Un rugido de terror colectivo se apoderó de la multitud. La marea humana que llenaba el boulevard, hasta entonces muy quieta, se sacudió súbitamente en dirección contraria a la que se había dirigido, arrollando sin miramientos a quienes no reaccionaran a tiempo.

Enjolras se sintió embestir por una turba confusa de cuerpos que lo empujaron con fuerza hacia atrás, obligándolo a girar sobre sí mismo, haciéndole chocar contra las personas que corrían en pánico a su alrededor. No entendía nada, no sabía qué estaba ocurriendo, pero su instinto reaccionó antes que él: pronto comenzó a gritar los nombres de Grantaire y Nöelle, a buscar con las manos la silla de Jehan, a escrutar las innumerables cabezas de la estampida en busca de la de Rose...

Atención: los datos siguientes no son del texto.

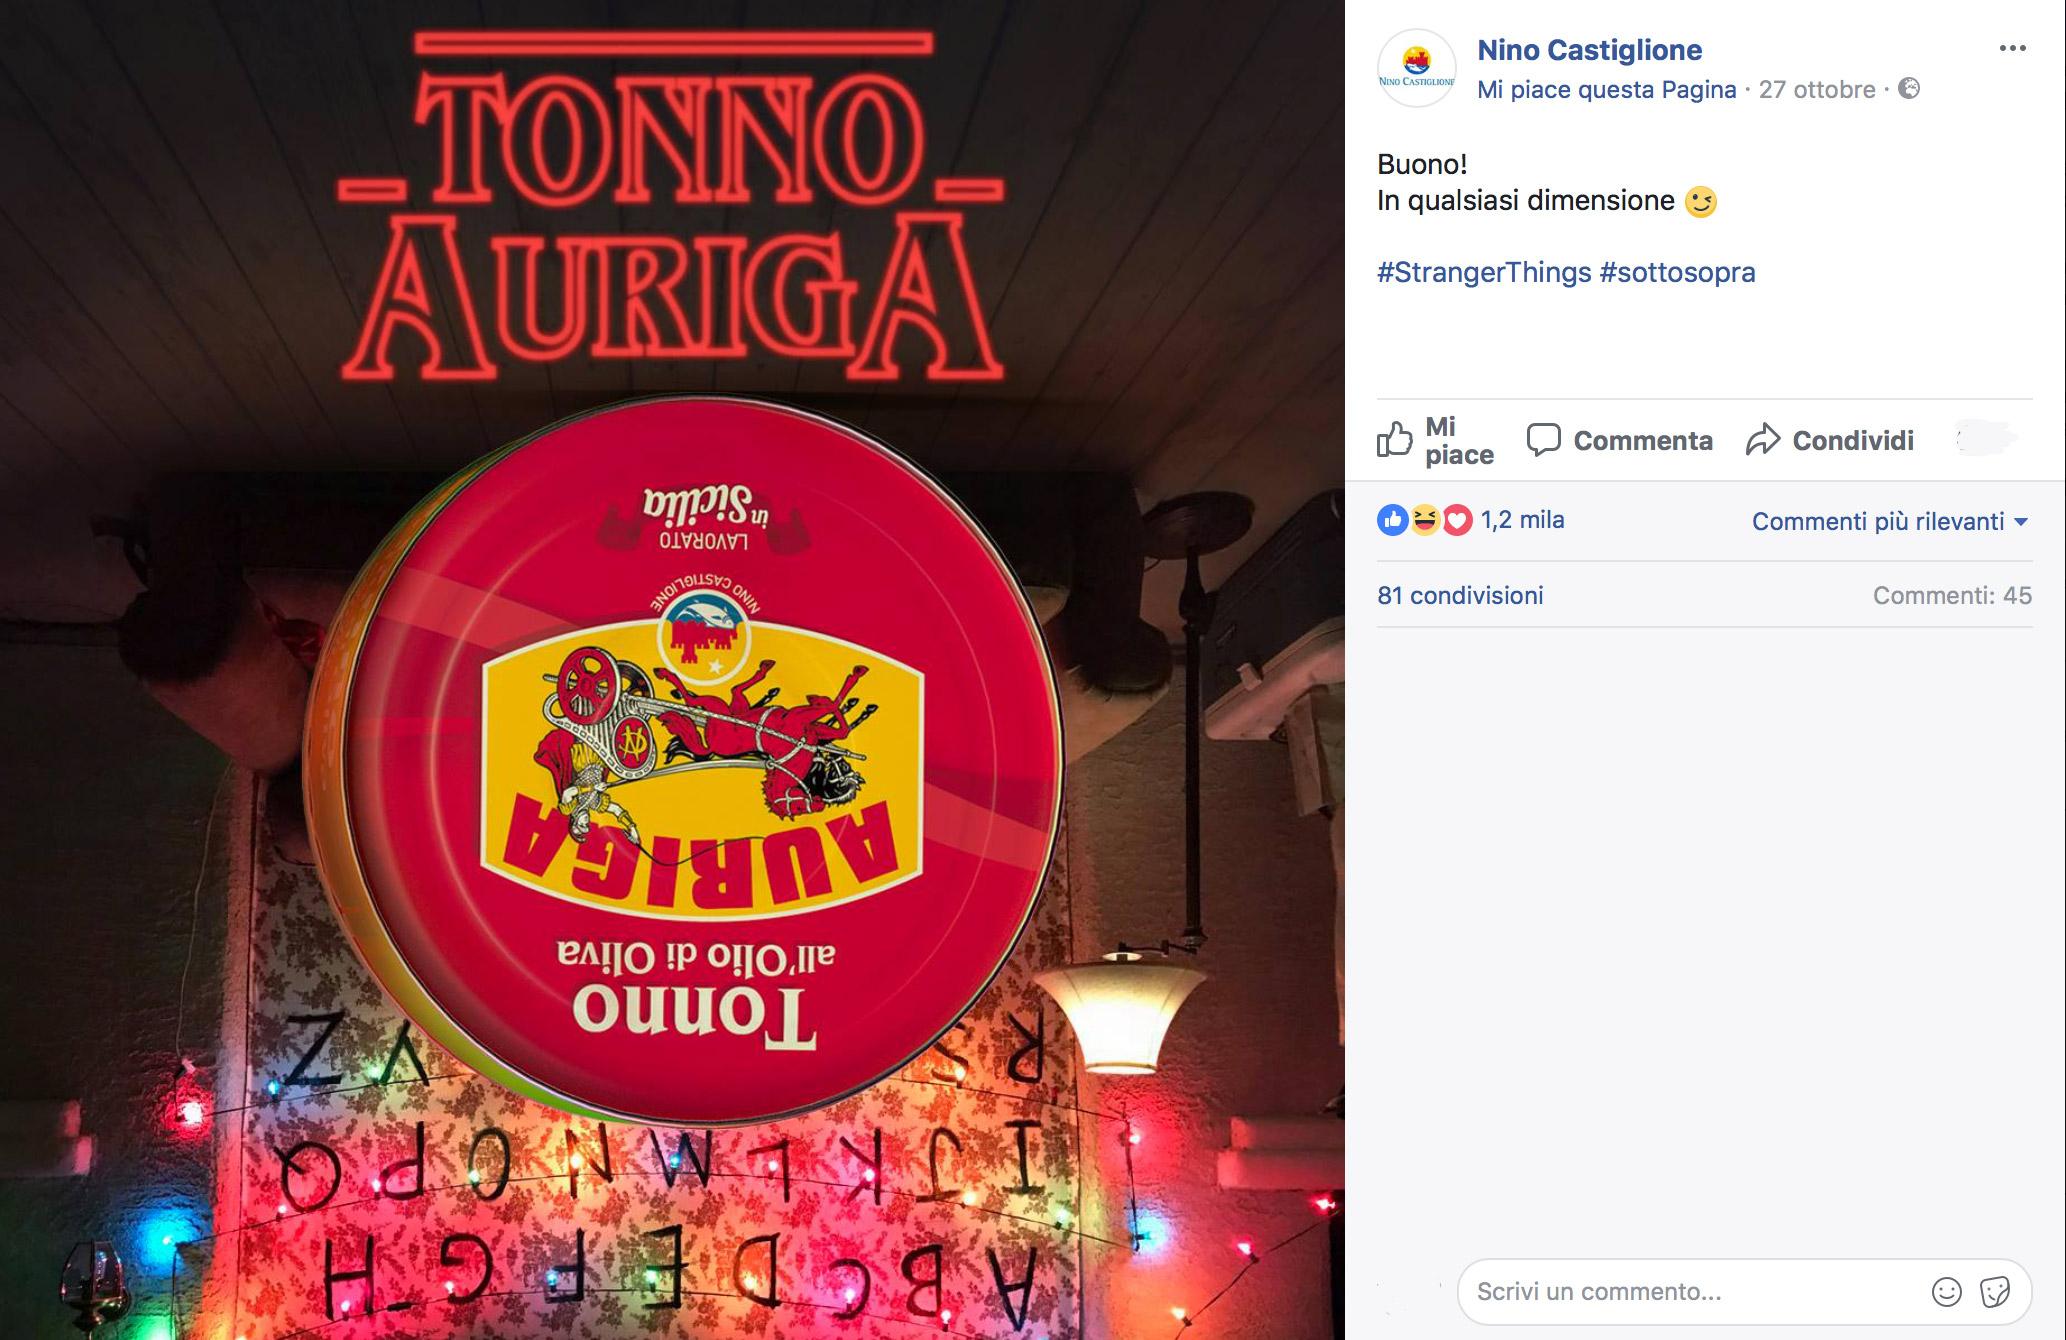 social network - Nino Castiglione - Tonno Auriga

Alguien lo golpeó en plena espalda al pasar. Enjolras estuvo a punto de caer al suelo, desplomado por la brusquedad del impacto, pero entonces sintió que alguien le agarraba la ropa y lo arrastraba lejos, haciéndole tropezar con sus propios pies.

—¡Enjolras, corre! ¡Reacciona! —le llegó la voz alterada de Rose, y cuando encontró su rostro le pareció que mantenía admirablemente la compostura, si bien se adivinaba un deje de horror en su expresión—. ¡Corre, sigue corriendo, no pares!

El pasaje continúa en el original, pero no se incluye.